0
votes

I have some data in a csv file but the decimal separator is ',', as we use in Brazil. I tried to read my file using the read_csv function with the parameter decimal defined as ',' but when I check the type of return, is str and I tough it would be float.

So, what the decimal parameter does? what is the best way to deal with this? should I convert the data manually? I'm using Python 3 and Pandas 0.19.2

Bellow is a data sample and the code I'm using

import pandas as pd

# Get raw data from file
file_name = 'dados.csv'
dados = pd.read_csv(file_name, sep=";", decimal=",", thousands=".")

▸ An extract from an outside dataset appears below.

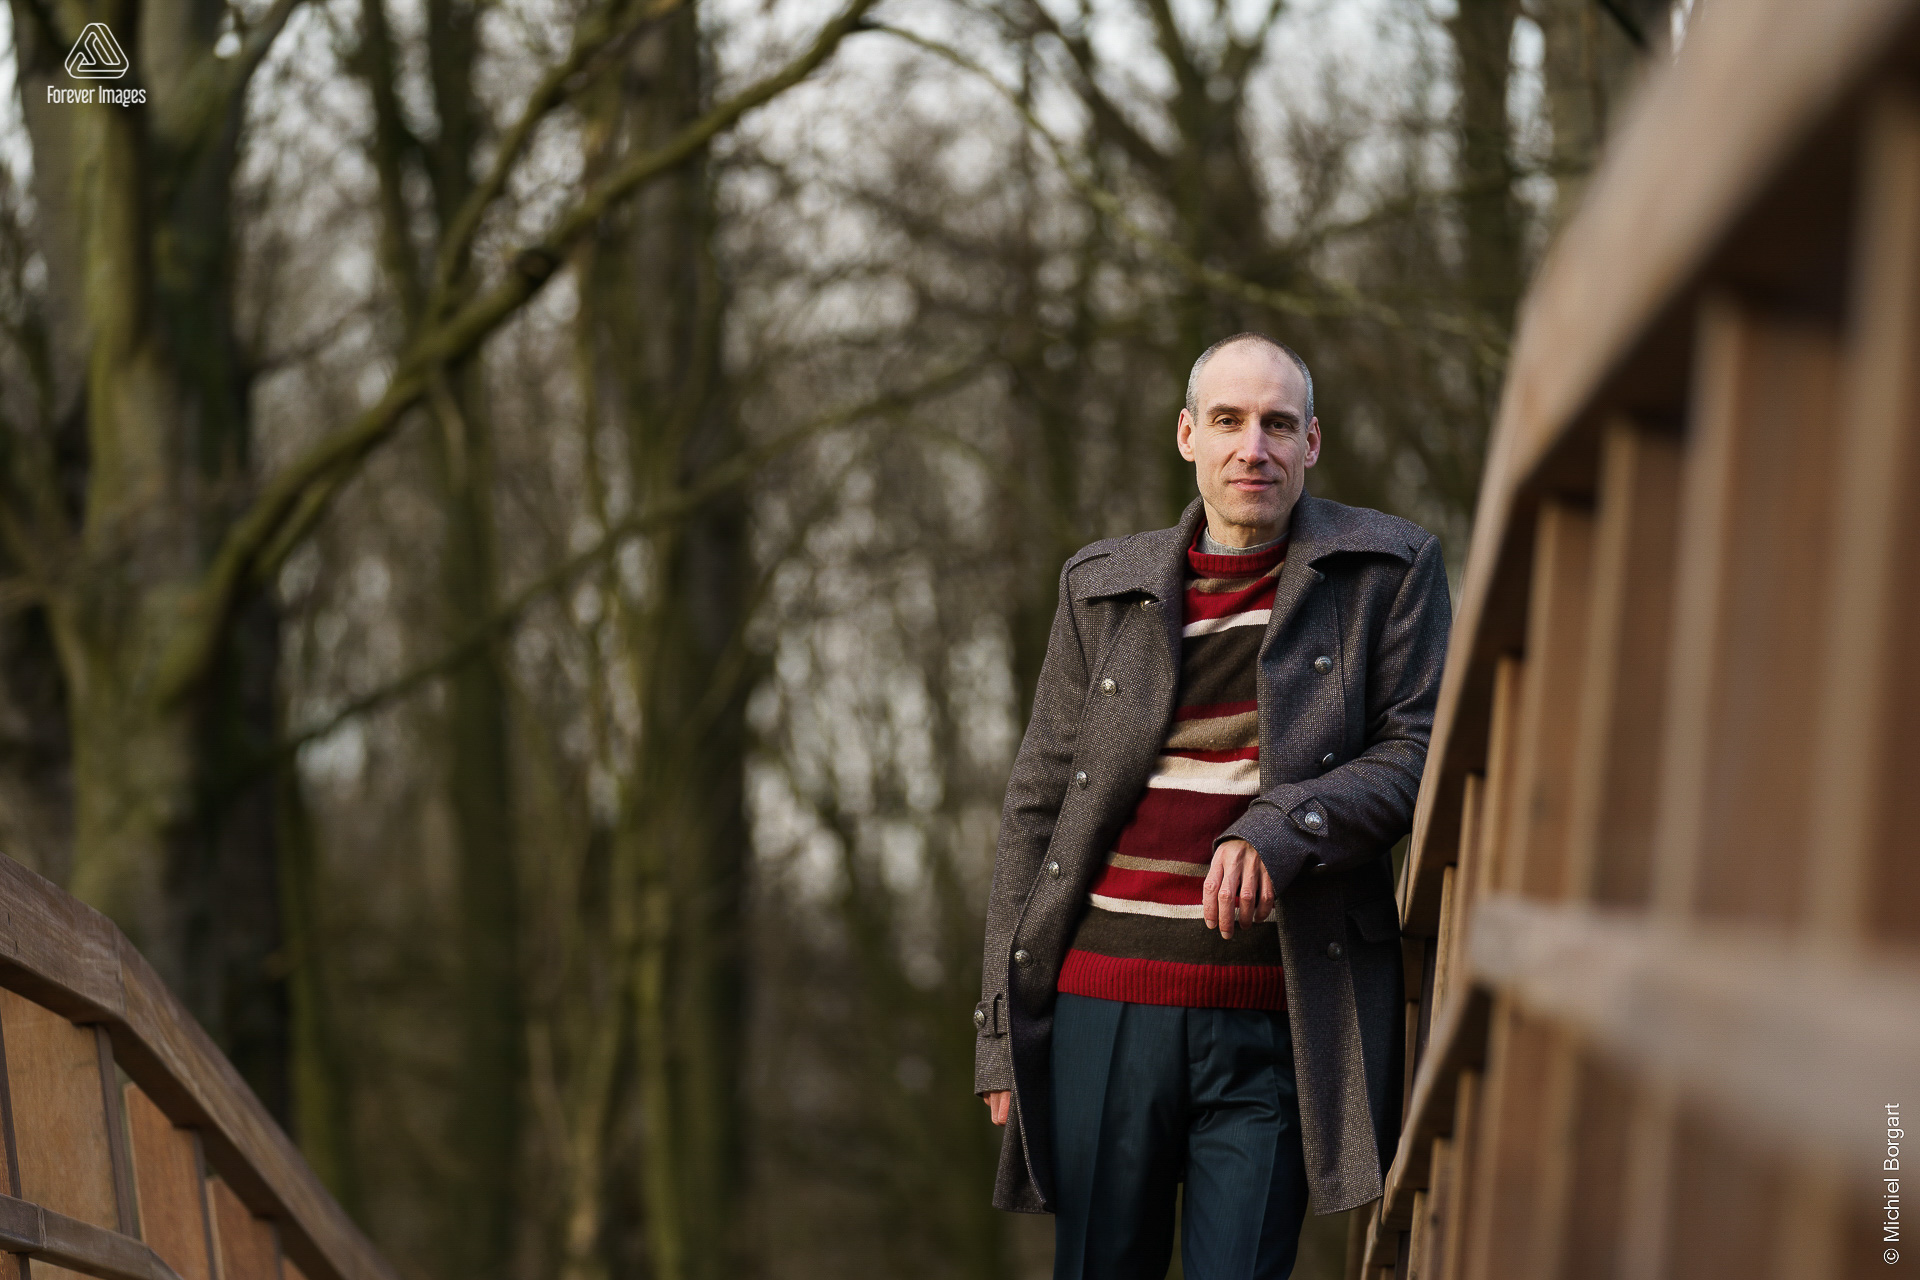 Portretfoto man op houten brug bij bos met glimlach | Robin Het Twiske De Stootersplas | Portretfotograaf Michiel Borgart - Forever Images.

ANO;COD_SEG;Codi_Saude;COD_UB;MES;SB_CONS;SB_ESCO;SB_TRAT;SB_URGE;SB_GEST;POP;ICONSB;IESCO;IRESOL;IURG
2012;4;10;19712;4;28;164;3;16;0;5274;0,530906333;3,109594236;0,107142857;0,303375047
2012;4;10;19712;5;13;0;6;23;0;5274;0,246492226;0;0,461538462;0,436101631
2012;4;10;19712;6;8;135;7;12;0;5274;0,151687524;2,559726962;0,875;0,227531286
2012;4;10;19712;7;0;0;0;0;0;5274;0;0;;0
1
How do you expect it to tell the difference between a ',' used to separate columns and a ',' used as a decimal separator? - Craig
I defined the separator as ";" and the decimal as "." - daniboy000
Please add a sample from the file you are trying to parse and the python code you are using to load the file. - Craig
I've just tested your code and data and it works correctly for me. Is it possible that you have a non-numeric value somewhere in your input file? When I add a text character to one of the columns of data, it treats the whole column as text and returns the numbers as strings. - Craig
It worked. It was an invalid in my dataset. Thank you @Craig. - daniboy000

1 Answers

0
votes

You are handling the data correctly, there is no need to convert the data manually, the read_csv function itself is capable of handling this.

In traditional formatting, data in Brazil uses a comma "," as a decimal point and the separation of columns is done by a semicolon ";" (contrary to what the CSV file extension suggests).

It is recommended to read the documentation: https://pandas.pydata.org/pandas-docs/stable/reference/api/pandas.read_csv.html

The file is identifying a column as a string because it must have some field with text, or another invalid character.